Natural Treatments for Cold Sores

Honeycomb Contains Propolis

Cold sores or fever blisters are caused by infection with herpes simplex virus type 1 or 2. The sores typically start with a prodrome that includes stinging or shooting nerve pain, followed by the appearance of fluid-filled blisters that eventually scab over and heal. While herpes simplex virus type 1 is usually associated with infections of the lips and type 2 is associated with genital infections, either virus can cause an infection in either location. The virus is highly contagious, especially when active blisters are present, but can still be spread in their absence. Generally, over time, the severity of outbreaks decreases.

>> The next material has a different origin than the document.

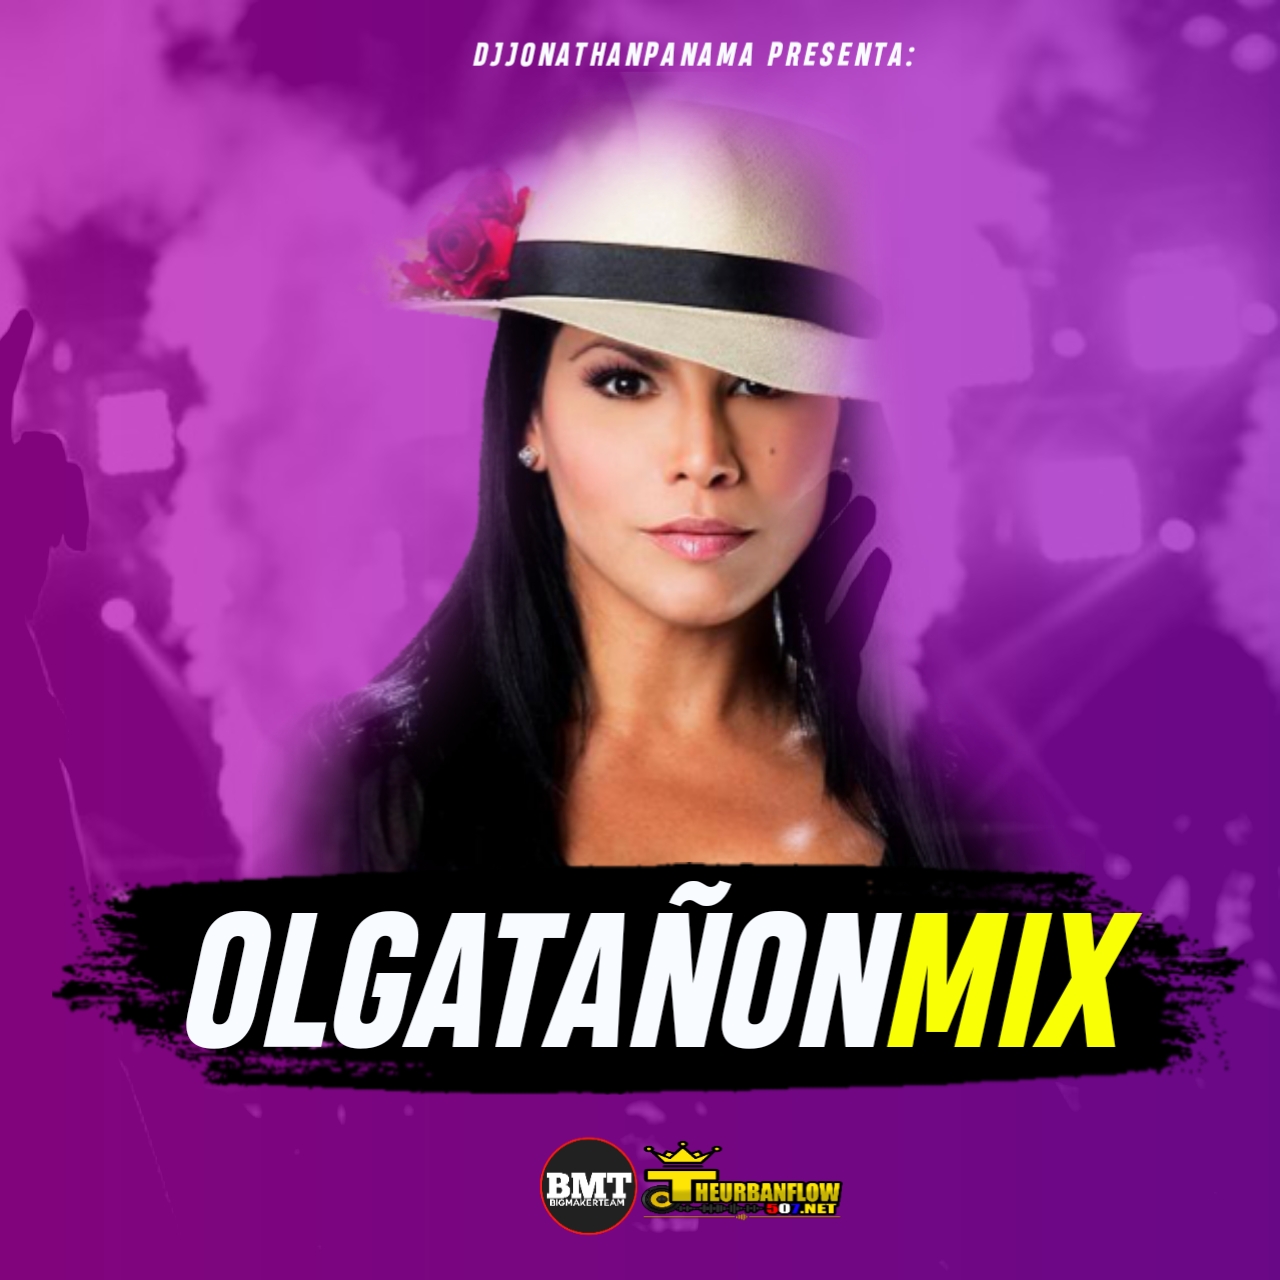 Olga Tañon Mix 2020 - @DjjonathanPanama

While antiviral medications can treat herpes infections, they aren’t a cure. The medications are usually well tolerated and help to suppress outbreaks (Tyring 2002). However, repeated use of the medications, and immunocompromised individuals (individuals with HIV or on immuno-suppresant medications for various reasons) may have higher risks for resistant herpes strains that don’t respond to standard medications (Schalkwijk 2022). As such, it’s worth reviewing what natural or integrative treatments may also be safe and effective for helping to control herpes outbreaks. 

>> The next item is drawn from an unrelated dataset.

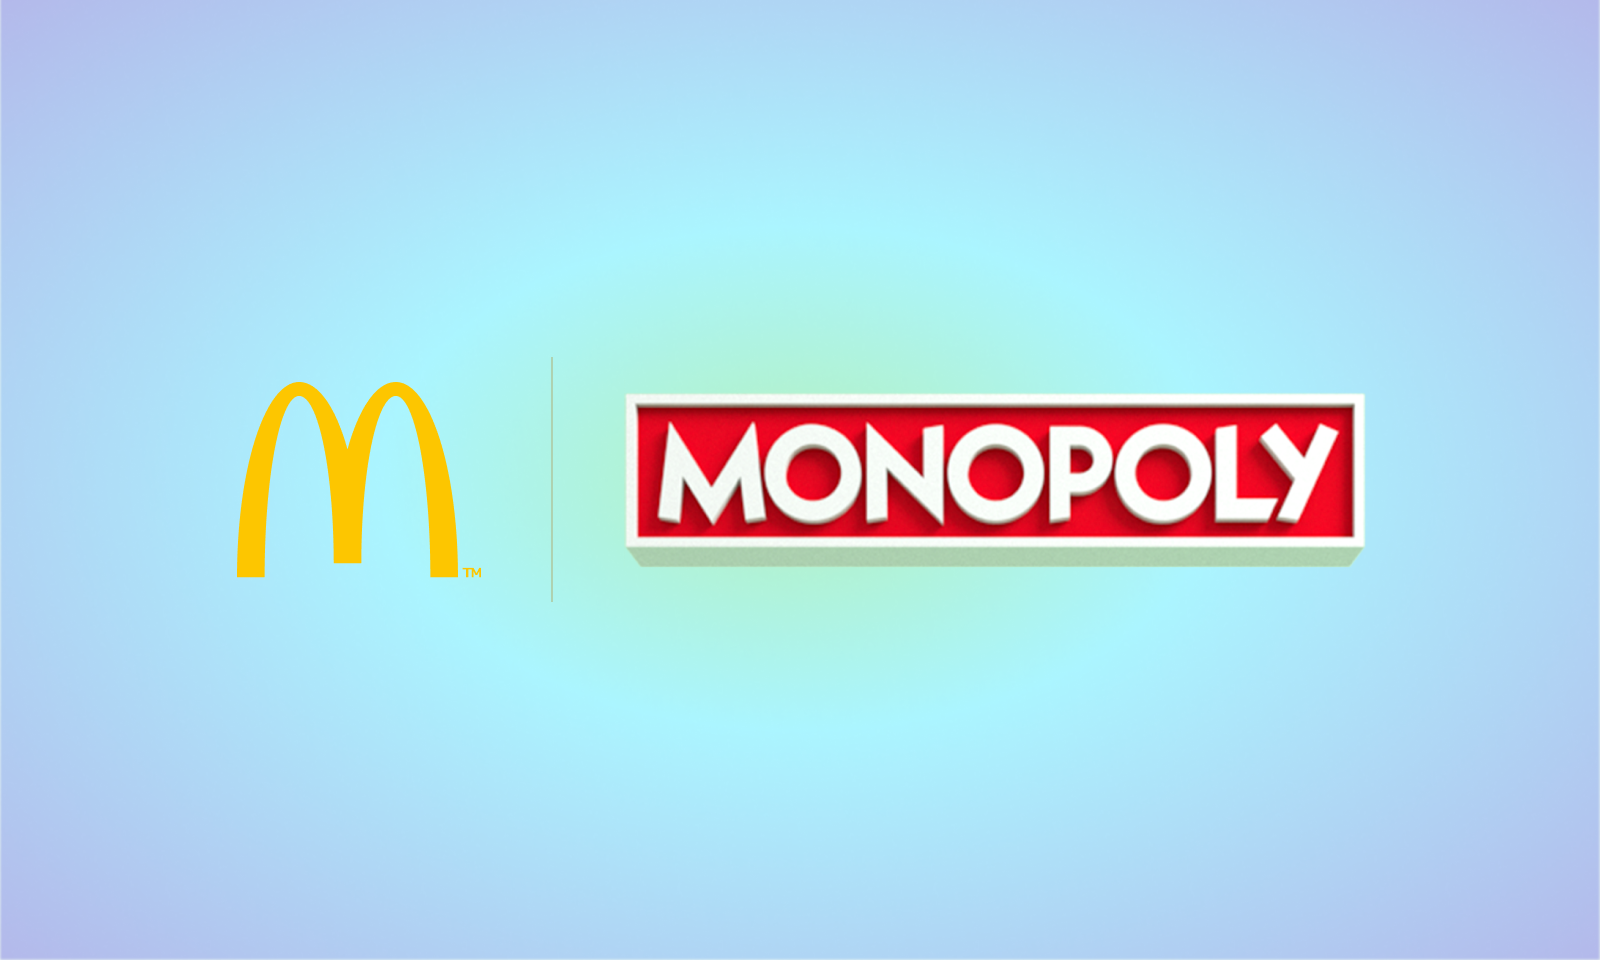 McDonalds monopoly

Propolis is a natural resinous material that bees use to construct their hives. It’s known to have antimicrobial properties. In a clinical trial of a propolis cream compared to a standard topical antiviral medication, propolis cream was found to work better than topical medication for genital herpes (Vynograd 2000). On day 10, 80% of the patients using propolis had healed, whereas only 47% had healed with the medication. 

A more recent trial exploring propolis versus standard topical medication for cold sores on the lips also found better healing with propolis (Jautová 2019). By day three, the propolis had crusted over as compared to day four with the topical medication. Propolis also displayed advantages for pain relief and swelling over medication.

Olive Leaf

Olive Leaf

Olive leaves are known to have a number of different therapeutic effects, including antiviral properties. In a study of patients with cold sores, an olive leaf extract cream was compared to a standard topical medication (Toulabi 2022). For patients using olive leaf extract cream, bleeding, pain and itching all improved faster than with medication. In addition, olive leaf shortened the healing time.  

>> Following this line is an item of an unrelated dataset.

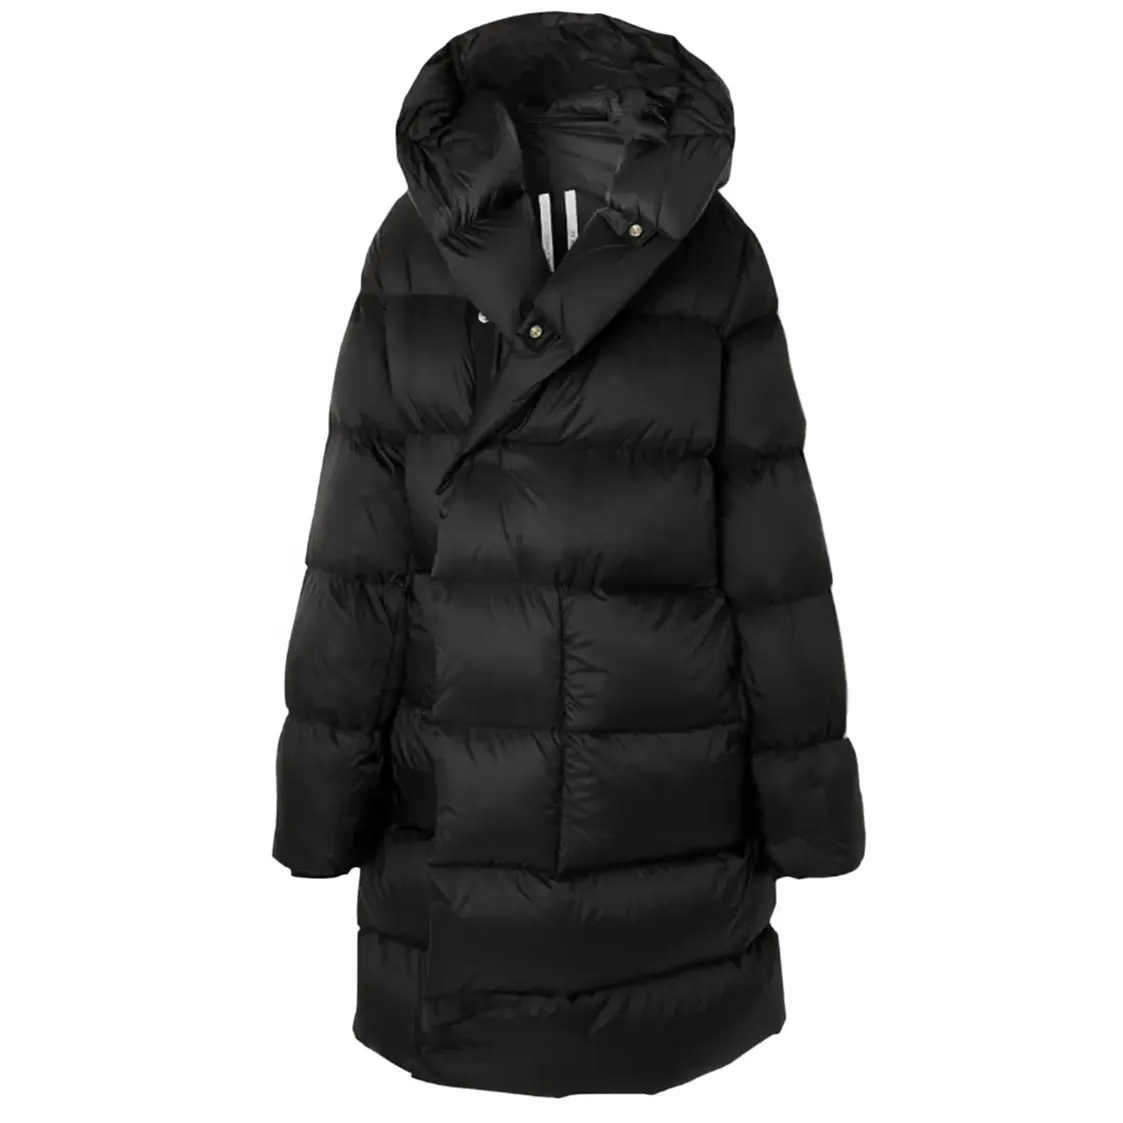 冬の暖かい女性の毛皮のコートの女性のショートジャケットの女性の秋の革の毛皮のコートの毛皮の女性のジャケット高品質の安い価格のジャケット

Other research on olive leaf also suggests it is potentially effective in herpes strains that are medication resistant (Cornetta 2022). However, clinical trials are still needed to confirm efficacy against resistant strains.

Lemon Balm

The herb lemon balm or Melissa officinalis has often been touted for its antiviral properties (Cohen 1964). A small clinical trial in patients with recurrent cold sores used lemon balm cream or placebo cream applied topically. By day two, symptoms scores were almost 20% better with the lemon balm cream as compared to placebo. However, when evaluated over the first five days of treatment, lemon balm was only about 10% more effective than placebo. 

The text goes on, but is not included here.